System Design Interview: URL Shortener
Design a URL shortener service like tinyurl.com. It is one of the most commonly asked system design interview questions. There are numerous resources online. My design is by no means the best or most complete. But I think I can offer my thought process from a different angle. After all, there is no one right answer to a system design question. It’s all about focus, tradeoff, and preference. Let’s dive right in.

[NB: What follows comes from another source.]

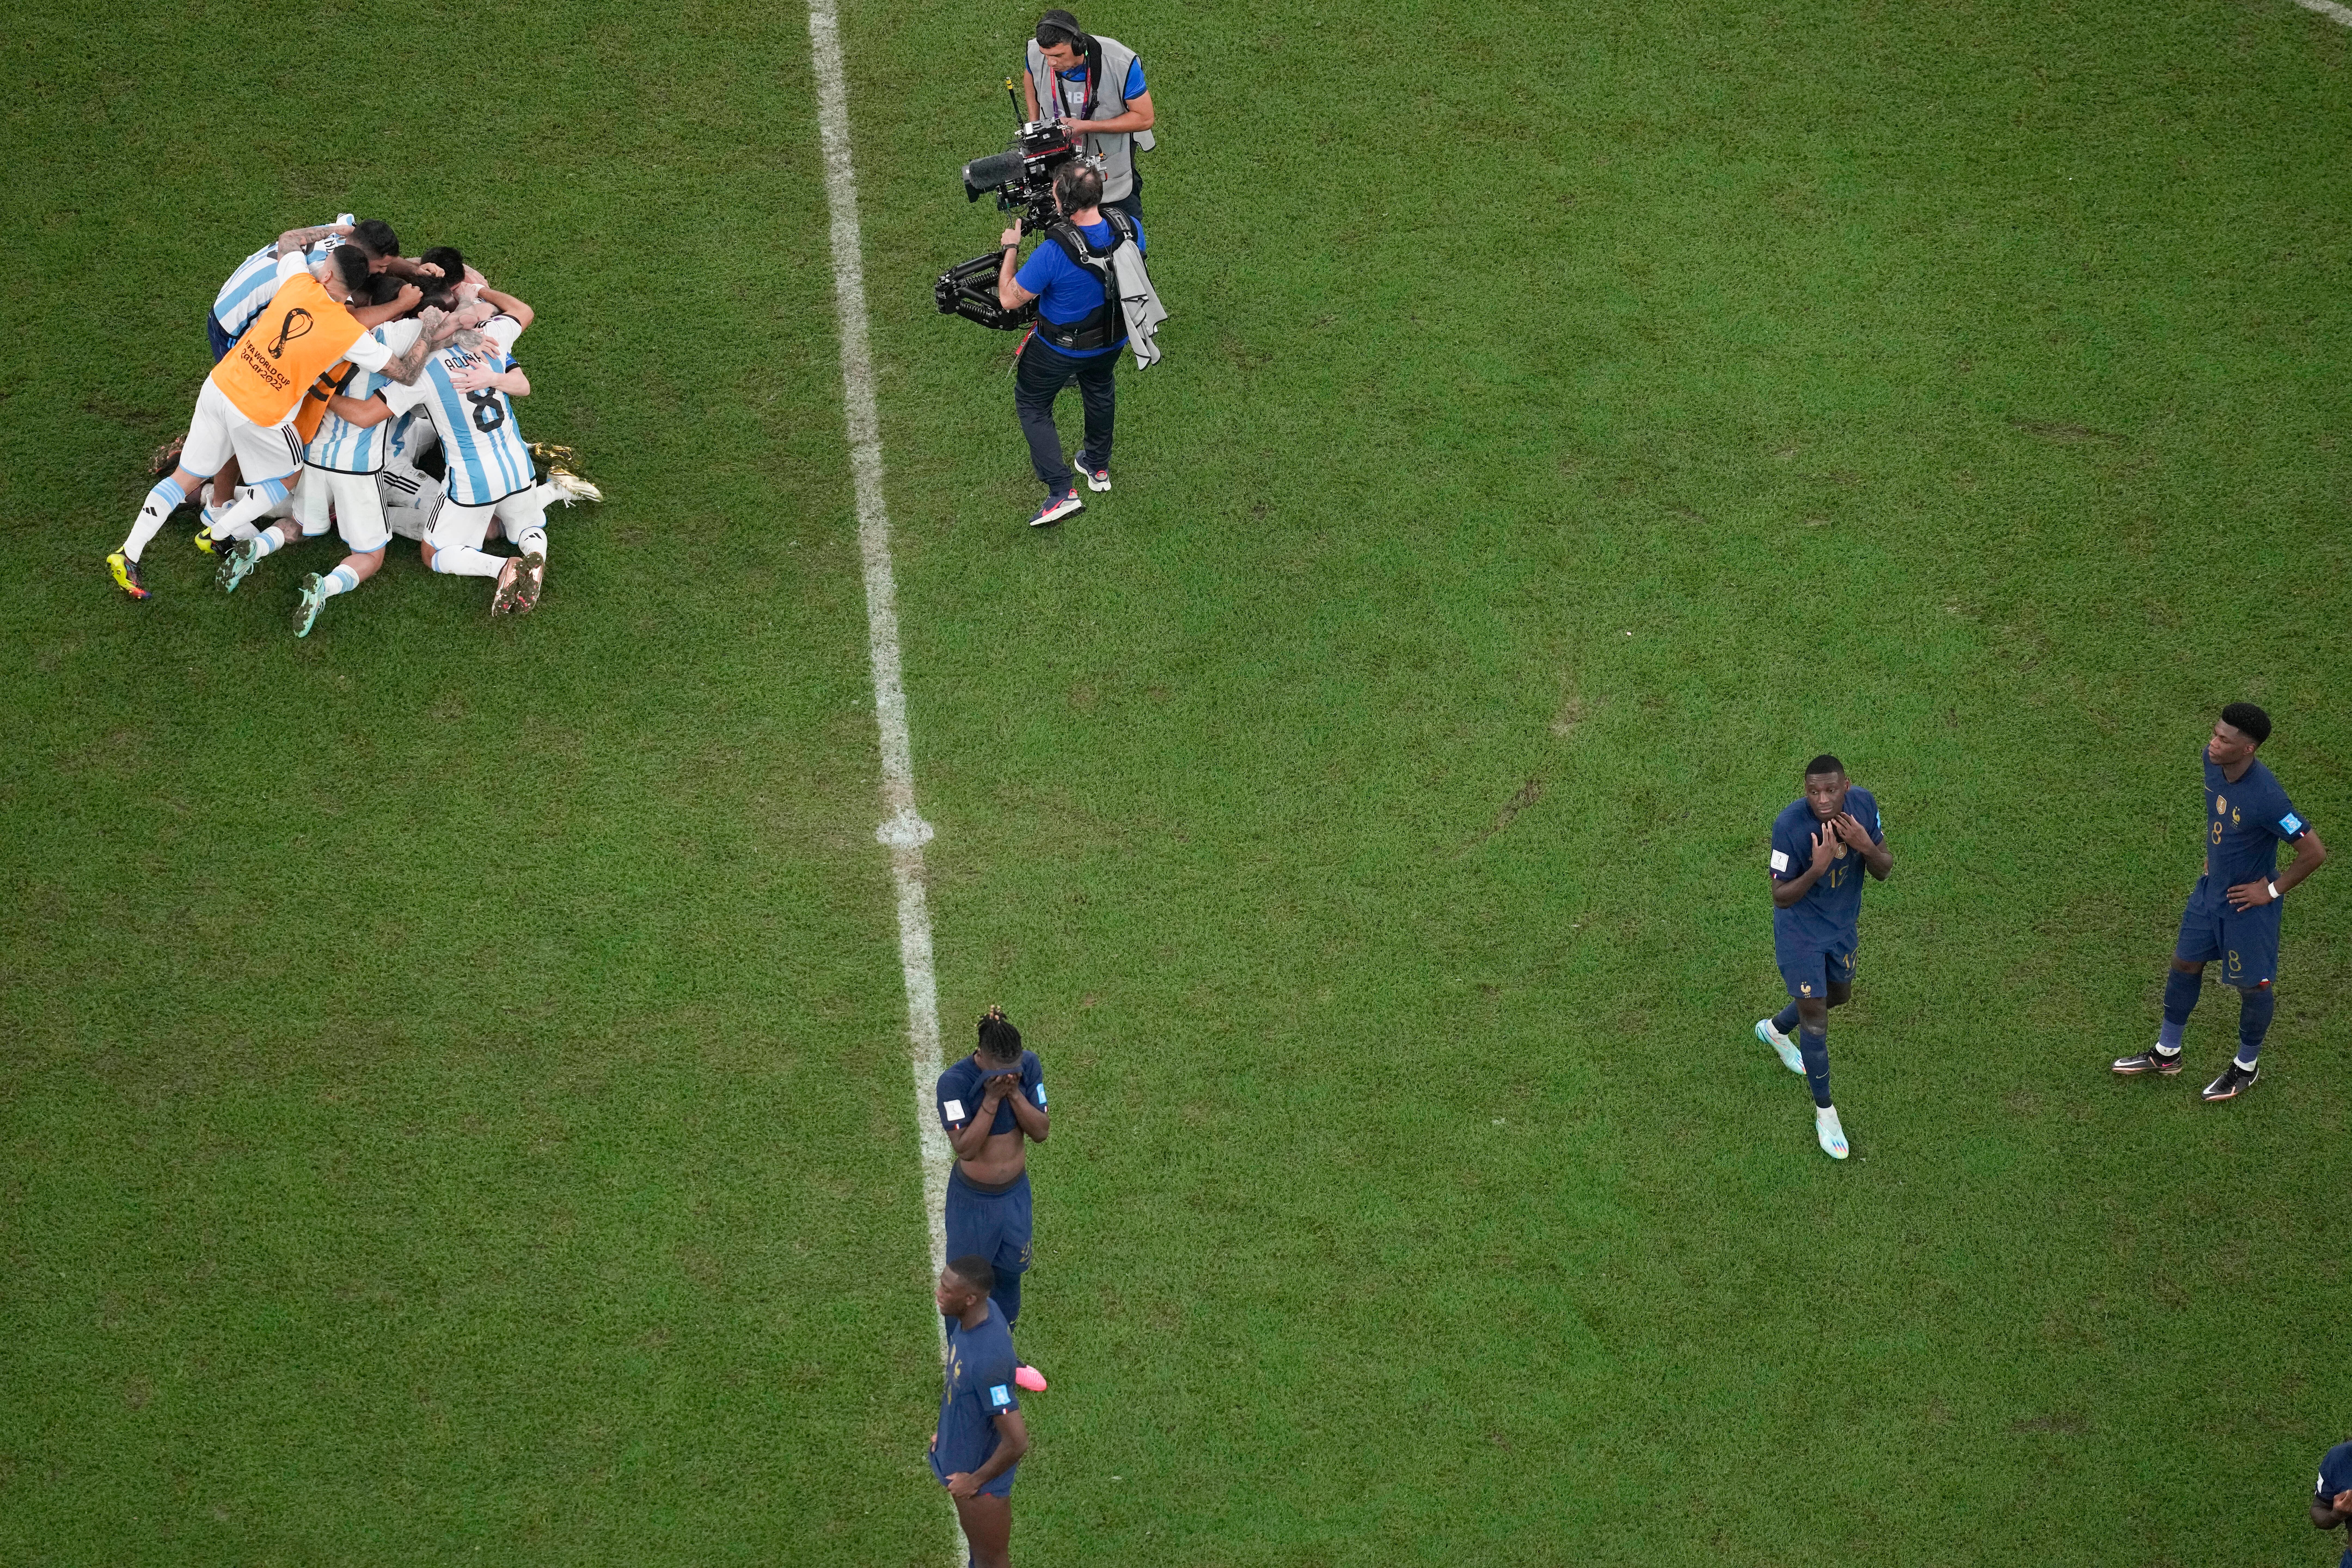 Argentina players celebrate becoming World Champions as France players stand dejected

For any system design, as always, let’s clarify who are the users and what they are trying to accomplish with the system. Let’s suppose the user is a typical internet user who has a super long and crappy URL, and wants to store or share a much shorter and cleaner version of it. Now she needs a service (probably a website) through which she can create an association between the long URL and its shortened version. For simplicity, we’ll assume that besides registering the association, the only other function of this service is to return an HTTP Redirect to the original URL when receiving a Get request of the shortened one.
A Simplistic Design
OK, this sounds simple enough. Let’s map out the technicality behind that user journey. The service has a webpage that allows users to input the original URL in a text box, and a submit button, when clicked, sends the original URL via an HTTP Post to the service’s backend. Once the backend receives the original URL, it creates a hash of it. In the case of hash collision, the backend may choose to add a random nonce to regenerate a new hash. The backend may further sanitize the hash to form the final shortened URL. The backend stores the <shortened, original> tuple in the database. There should be an index on the shortened for efficient lookup. We don’t want to use the shortened directly as the primary table key as its length may change as we update the hashing/sanitization method. So it’s better not to tie ourselves to any unnecessary constraints. The backend may choose to store some metadata along the tuple, such as the hashing method, creation timestamp, etc.. Now when the backend receives a Get request, it looks up the corresponding original URL in the database and returns an HTTP redirect if one exists and a 404 if it not found. See an overview in figure 1.